- Gawler West Location in greater metropolitan Adelaide
- Coordinates: 34°36′13″S 138°44′03″E﻿ / ﻿34.6037°S 138.73404°E
- Country: Australia
- State: South Australia
- City: Adelaide
- LGA: Town of Gawler;

Government
- • State electorate: Light;
- • Federal division: Spence;

Population
- • Total: 975 (SAL 2021)
- Postcode: 5118
Suburbs around Gawler West
| Reid | Willaston | Gawler |
| Buchfelde | Gawler West | Gawler South |
| Hillier | Evanston |  |

= Gawler West, South Australia =

Gawler West, (postcode 5118) is a suburb of the South Australian town of Gawler, located in the northern Adelaide metropolitan area region, 43 km north of Adelaide. It is bordered by the Gawler River and the Gawler railway line and the suburbs of Gawler South, and Evanston. During the 2000s period, part of the suburb was renamed Reid by the South Australian Geographical Names Advisory Committee, replacing the Gawler Bypass Road as the western boundary by the Gawler River on the west and north.

==History==
Gawler West is a subdivision of the Gawler township.
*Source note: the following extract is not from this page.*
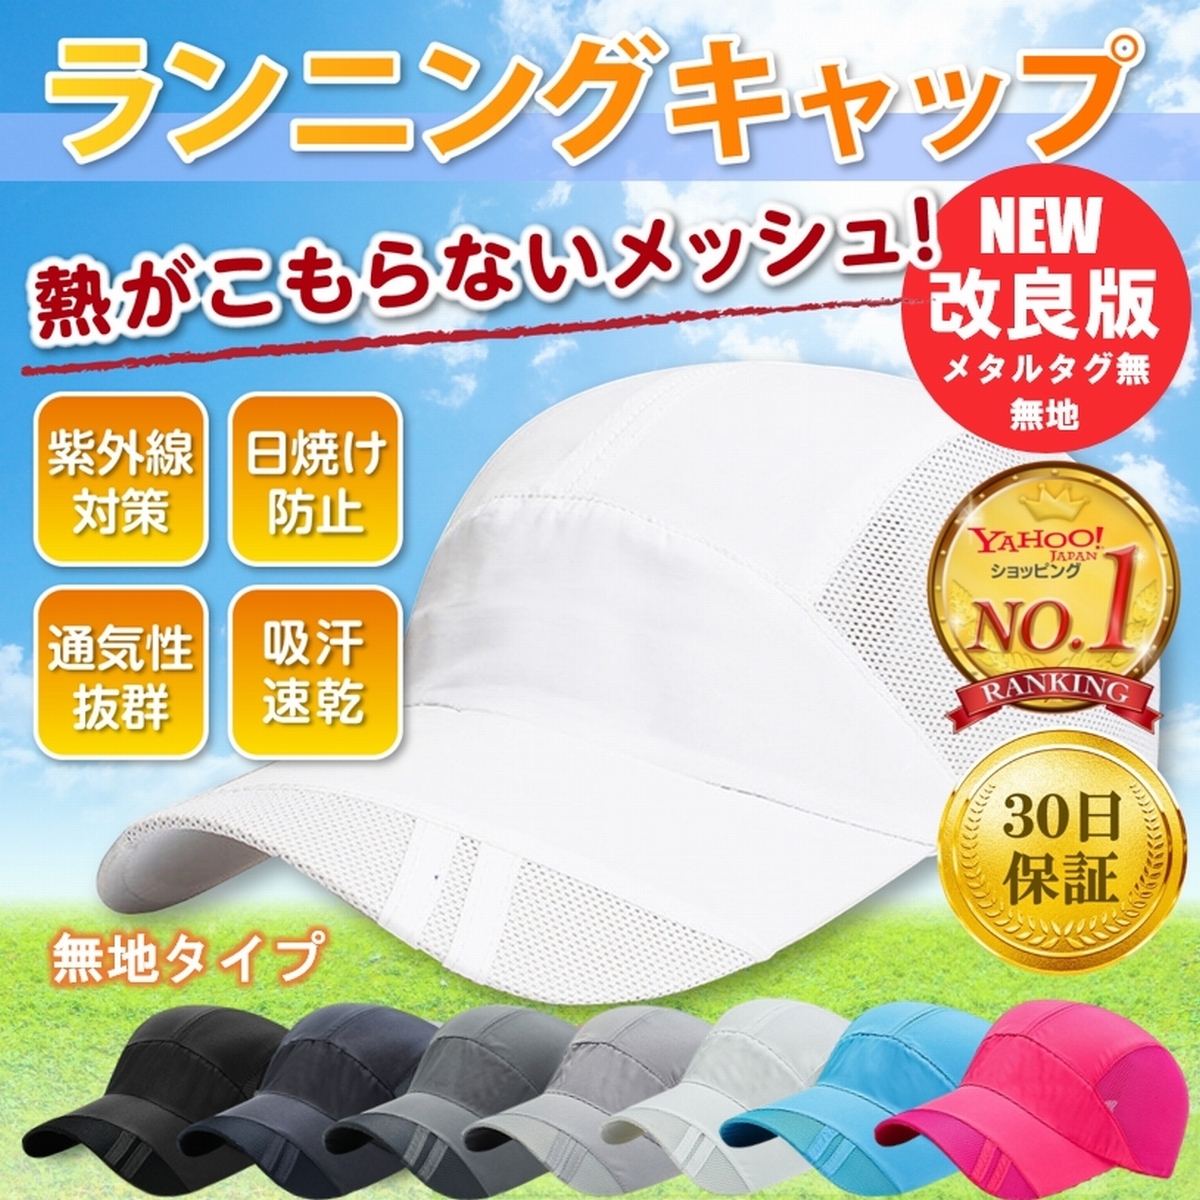  бег колпак колпак довольно большой одноцветный шляпа мужской женский сетка спорт колпак размер регулировка UV cut 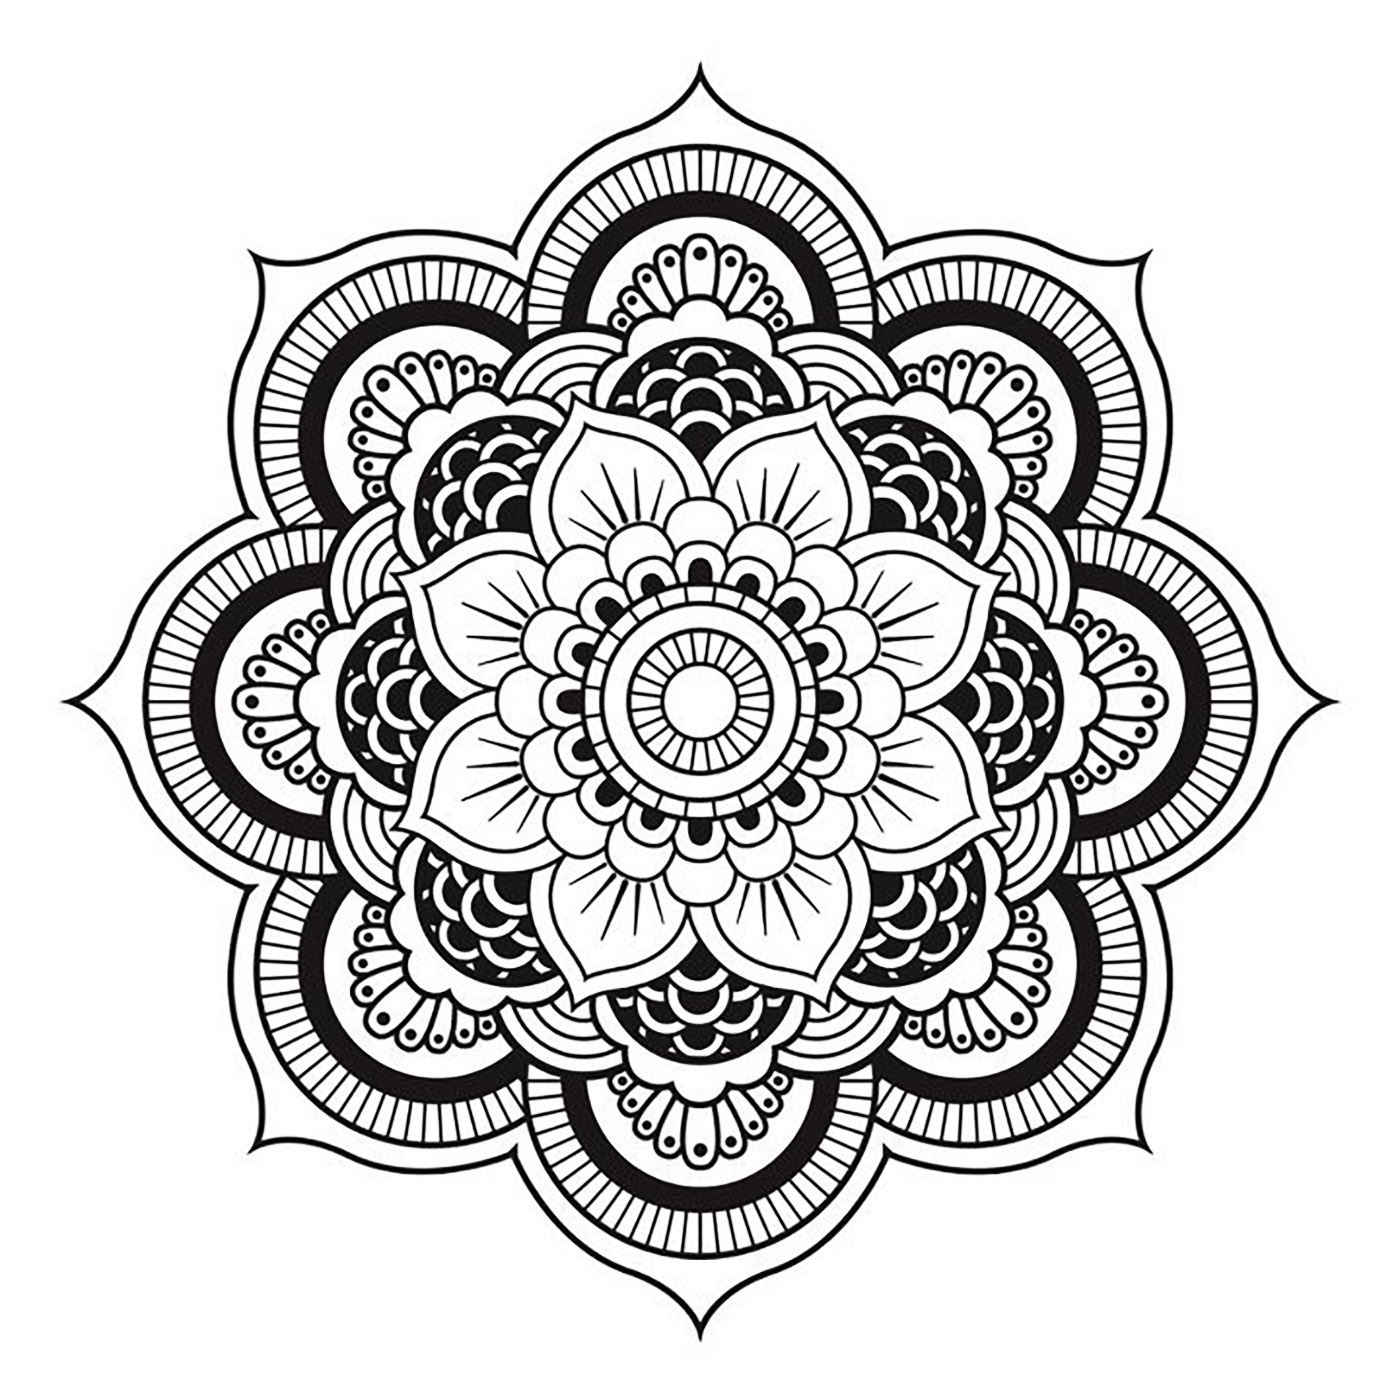 Mandala simples e regular, adequada para uma tatuagem no ombro

In the post World War II era, suburban infill allowed the suburb to develop. The initial development of the suburb was a Housing Trust subdivision.

==The suburb today==
A new subdivision during the 2000s was started on the river flat, adjacent to the Gawler Bypass.

==Governance==
Gawler West is governed at the local level by the Town of Gawler. Gawler West lies in the state electoral district of Light and the federal electoral division of Spence.